The Fed doesn’t (and shouldn’t) care what kind of yield anyone gets in their savings account.
I know capitalism is a dirty word to some, but it is the the system that is most beneficial to all when the rules are in place so that risk and rewards are allocated properly.
Risk takers should be rewarded when they make the right choices: Invest in a new company that is successful and you should receive a nice return.
But there’s a reason it’s called “risk:” If investment doesn’t work out, you should lose.
I agree with the basic gist of the “trolling” OP:
The financial markets are still configured so that outcomes for the bankers and derivatives traders are limited to “I win” or “you lose.”
We still do not have a properly functioning capitalist system, but this problem is only peripherally related to the Fed. (There are plenty of other criticisms of the Fed, which may or may not be valid, but CAr’s point #5 simply doesn’t make sense. )
Point #6, however, is very much on the mark.[/quote]
In a truly “capitalist” system, rates would be determined by “the market,” not by the Federal Reserve.
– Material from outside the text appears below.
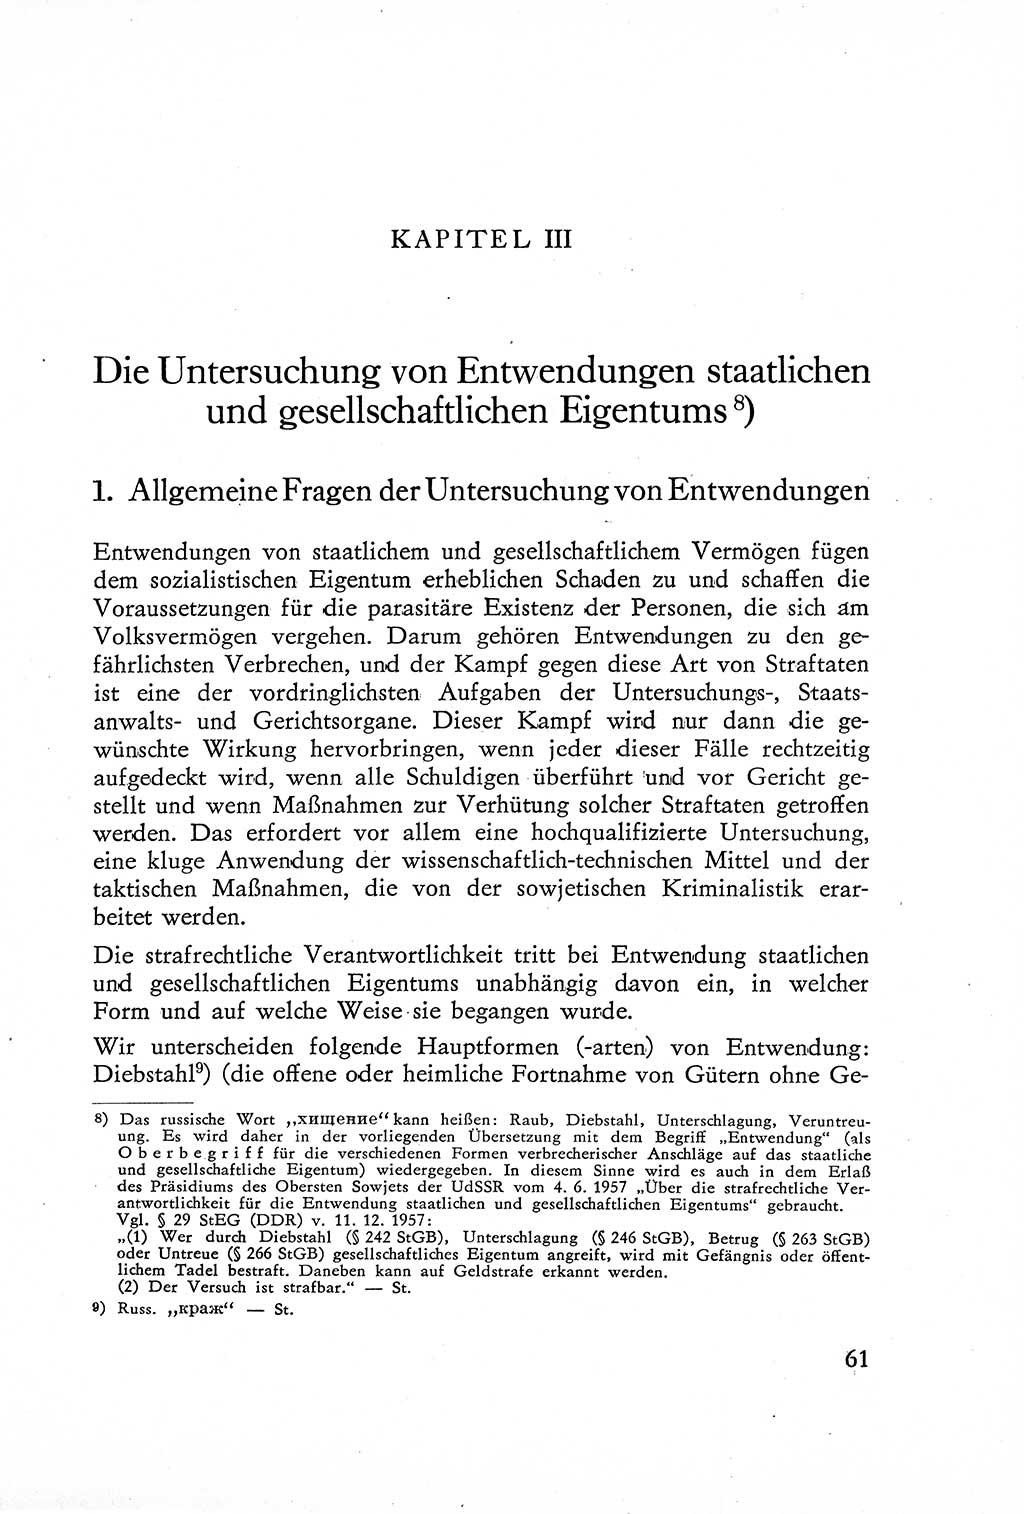 Die Untersuchung einzelner Verbrechensarten [Deutsche Demokratische Republik (DDR)] 1960, Seite 61 (Unters. Verbr.-Art. DDR 1960, S. 61)
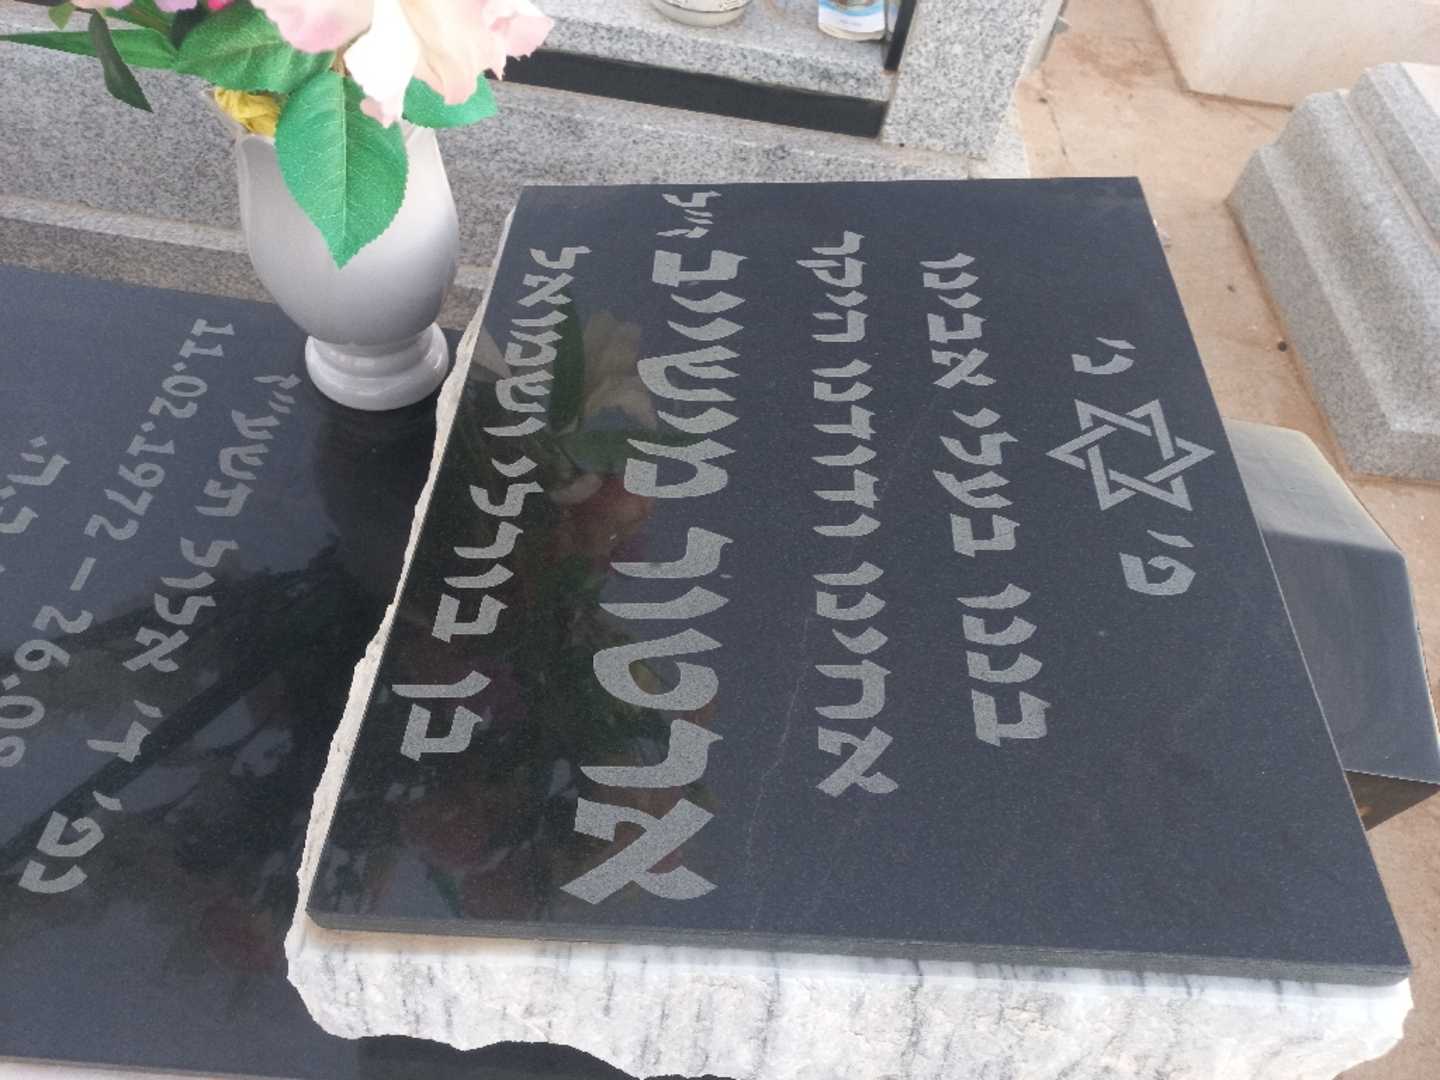 קברו של ארטור מישייב. תמונה 2

When they push money into the market (which might not be matched with true demand via productive businesses needing to expand, etc.), it is supply-driven, not demand-driven, and this means that they are pushing money into the economy that **might** be used for productive purposes, but it could just as easily be used for speculation.
While I know that many believe “risk takers” deserve to make lots of money simpley for “taking risk,” I would disagree. It creates an environment that is ripe for ever-growing speculative bubbles that distort markets and end up causing far more damage than any good they create during the up cycle.